From 1 October, Natasha’s Law requires all food businesses to provide full ingredients labelling on food that has been pre-packed for direct sale (PPDS).
The new legislation is designed to better protect those with allergies and give them greater confidence in the food they purchase out-of-home.
Before 1 October, allergen information for some pre-packed products could be provided to customers by any means, including being informed verbally by staff.
Natasha’s Law is named after Natasha Ednan-Laperouse, the teenager who died after suffering an allergic reaction to a Pret a Manger baguette in 2016.
UKHospitality says it has worked closely with members and the Food Standards Agency (FSA) over the past two years to shape this legislation and has obtained clarification on certain elements, including what types of packaged food falls in scope of the new law.
Comprehensive guidance and FAQs are available on the UKHospitality website for members to access, and on the FSA site.
UKHospitality is continuing to work with the FSA in England, Wales, Scotland and Northern Ireland to drive consistency post-implementation and ensure both businesses and enforcement bodies work to the same interpretations.
“We recognise transparency around allergens is a key issue for customers and we continue to support the Government’s agenda on improving food safety and clarity of information available. We have worked closely with members and in partnership with the FSA to ensure this new legislation is clear for food businesses and they know their responsibilities in order to comply," says UKHospitality CEO Kate Nicholls.

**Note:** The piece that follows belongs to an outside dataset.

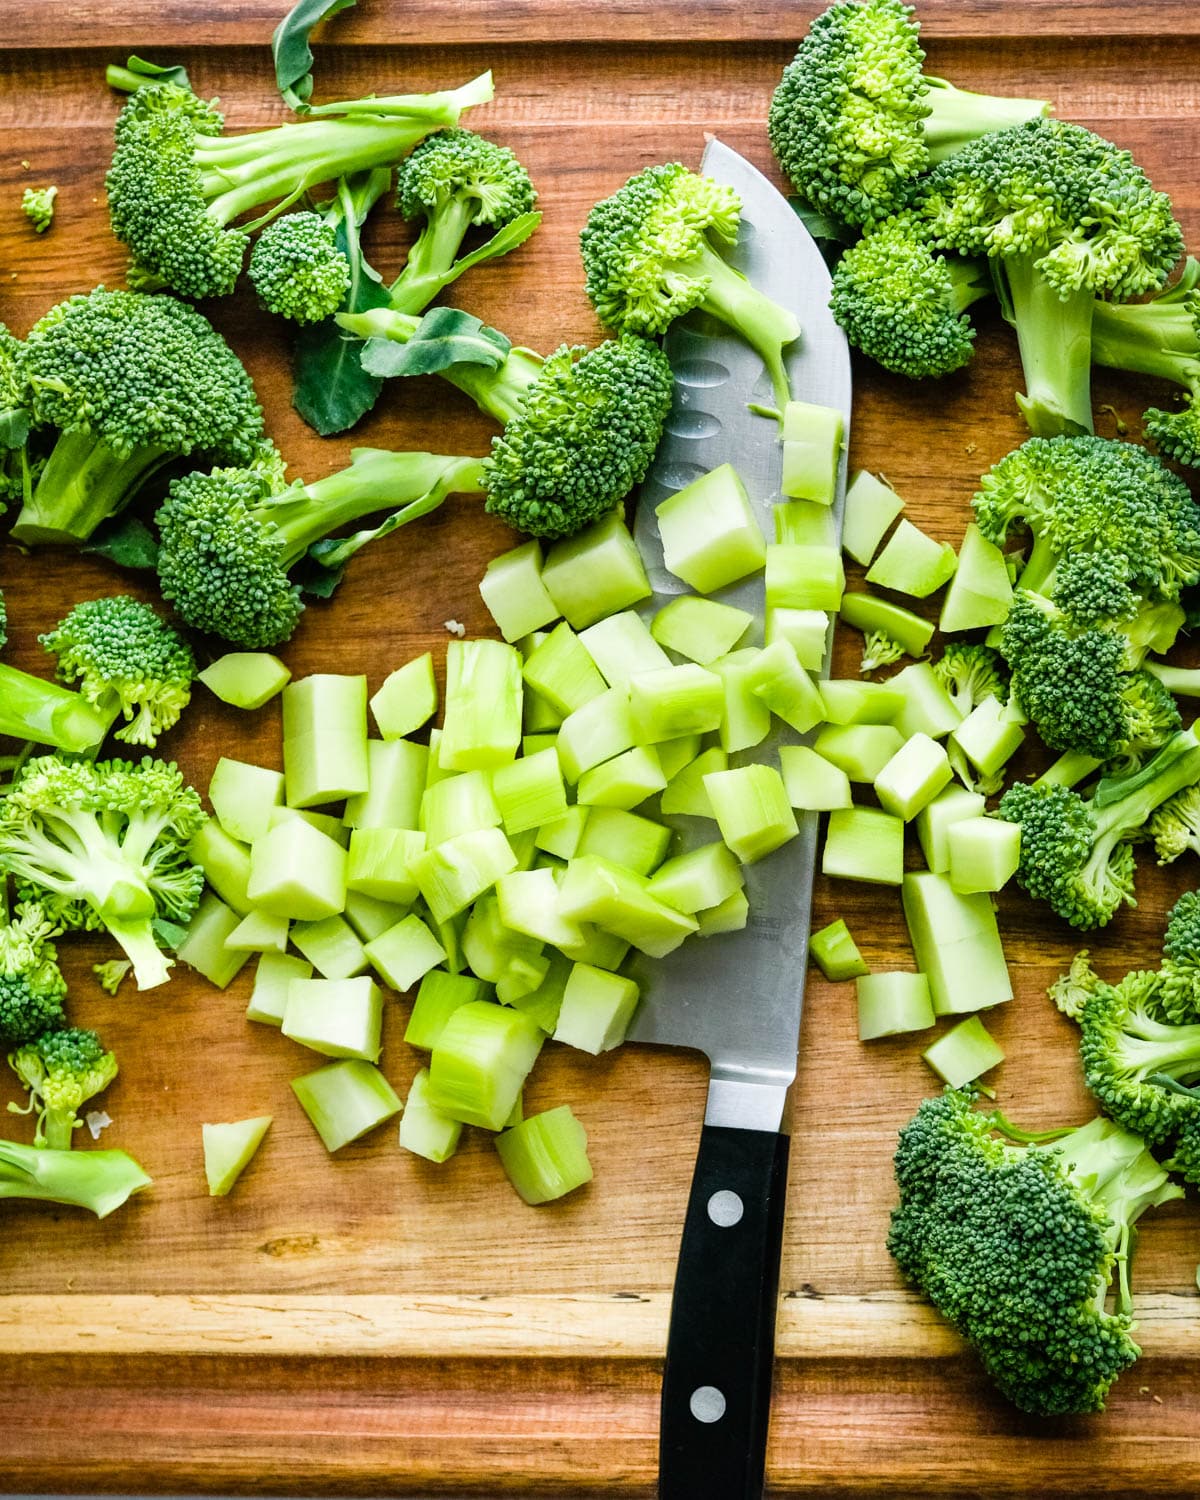 Chopping broccoli florets and stems.

“However, the fact remains is that this has been significant undertaking for some businesses, coming at a critical time during hospitality’s recovery phase. The vast majority of operators are in survival mode and will be for the foreseeable future. With the ongoing disruption to the supply chain and new rules on calorie labelling rules due to come into force in April 2022, there is a real risk that further legislation being introduced over the next few months puts the brakes on our recovery."
"We therefore urge the Government to consider delaying the implementation of upcoming calorie labelling legislation, to give businesses the required time to get back on their feet and prepare for future food labelling changes in a reasonable timeframe.”